Are Random Forests more powerful than generalized linear models? I have never used Random Forests, but I have read some about it. Until now I have used GLM/GAMLSS extensively.
I would like to know:


*

*What are the advantages that RF provides over GLM/GAMLSS?

*What are the disadvantages of using Random Forests?


I am starting this new study which has around 25 predictor variables, and I was wondering if I should check random forests.
One disadvantage that I could find: Random Forests, at least the popular applications, are non-updatable. Is this True? This is important for me as I will run this on some real-time data and would need to assimilate new information.
 A: You should try lots of models. The 'no free lunch' theorem states that there is no one best model - every situation is different. Logistic regression for example is desirable when it works because parameters are very interpretable.  Random forests are great because they can deal with very difficult patterns, but forget about interpreting them.  
The point is - never stick to just one approach. 
A: One point to consider is are you interested in making predictions or understanding associations and carrying out inference (confidence intervals around effects). Although random forests provide a variable-importance summary, this technique is primarily aimed at prediction; there is no inference. Many researchers think they are interested in making predictions, but often there is a mismatch with their goals. 
With that said, you can make predictions with glm and gamlss. You also have the flexibility of regression.

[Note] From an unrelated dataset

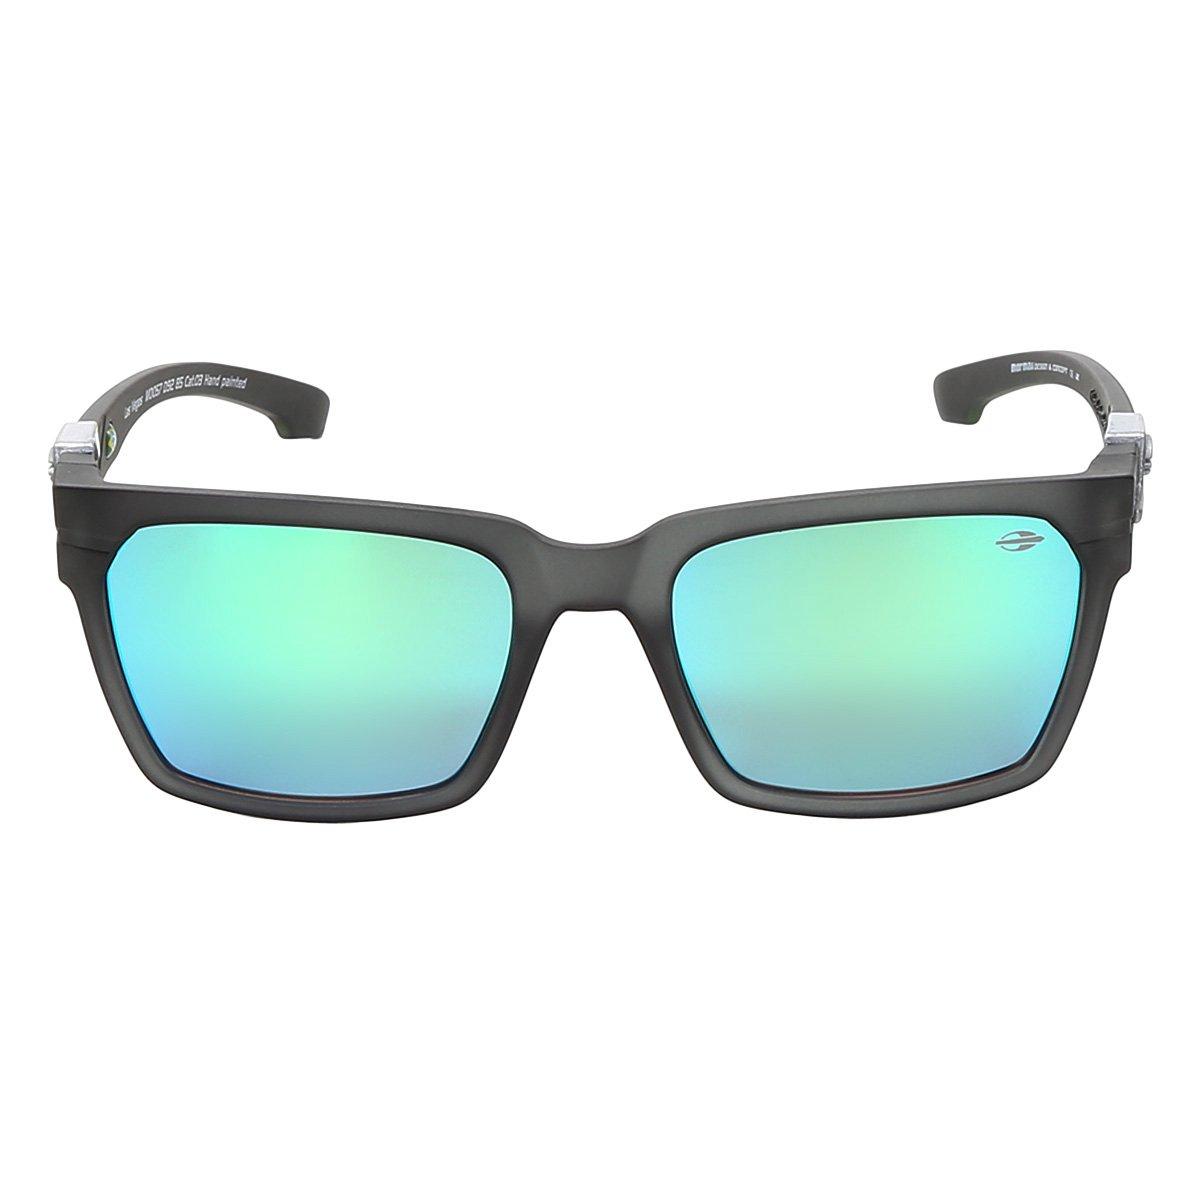 1a21ec2ce3a71 Óculos de Sol Mormaii Las Vegas Masculino - Compre Agora   Zattini

A benefit to the random forests is that you do not have to specify aspects such as interactions and because of this, it may discover patterns in your data. Further it handles the case where there are more predictors than observations. 
Still, there is evidence that techniques such as random forests do not use the data as efficiently as conventional techniques do. More research is needed.
I think both techniques are updatable in the same manner. 
Reference: 
van der Ploeg, T., Austin, P. C., & Steyerberg, E. W. (2014). Modern modelling techniques are data hungry: a simulation study for predicting dichotomous endpoints. BMC medical research methodology, 14(1), 137.
A: Let's have some simple examples to show the differences. Our example have a single independent variable x and a single dependent variable - either real y or categorical z:
x    y    z
...
0    0.01 A
1    1.98 A
2.01 4.02 B
2.99 6.01 B
...

One can see that y grows as x grows and that z=B for values of x grater than something around 1.5. That is an example when GLM and similar methods rock. It is easy to make good predictions for both y and z for a new value of x. For example, for x=0.5 you would predict y=1 and z=A ("You can understand the direct influence, and direction, of each variable" as @HEITZ wrote)
x    y    z
...
0    0.01 A
1    1.98 B
2.01 0    A
2.99 2.01 B
4    0    A
5.01 2.00 B
...

We can see a clear pattern in the data again, however GLM and similar methods cannot, the connection between x and y or z is not linear nor even additive. That is when other methods as random forests needs to be used. Prediction based on GLM for x=3 would be y=1 and more or less randomly z=A or z=B. However RF or similar methods can predict what we would expect: y=2 and z=B.
Generally I would do:


*

*Try GLM and similar, if they model the data well, use it, because you can understand the model well; if not

*Try other methods as RF (or neural networks, etc.)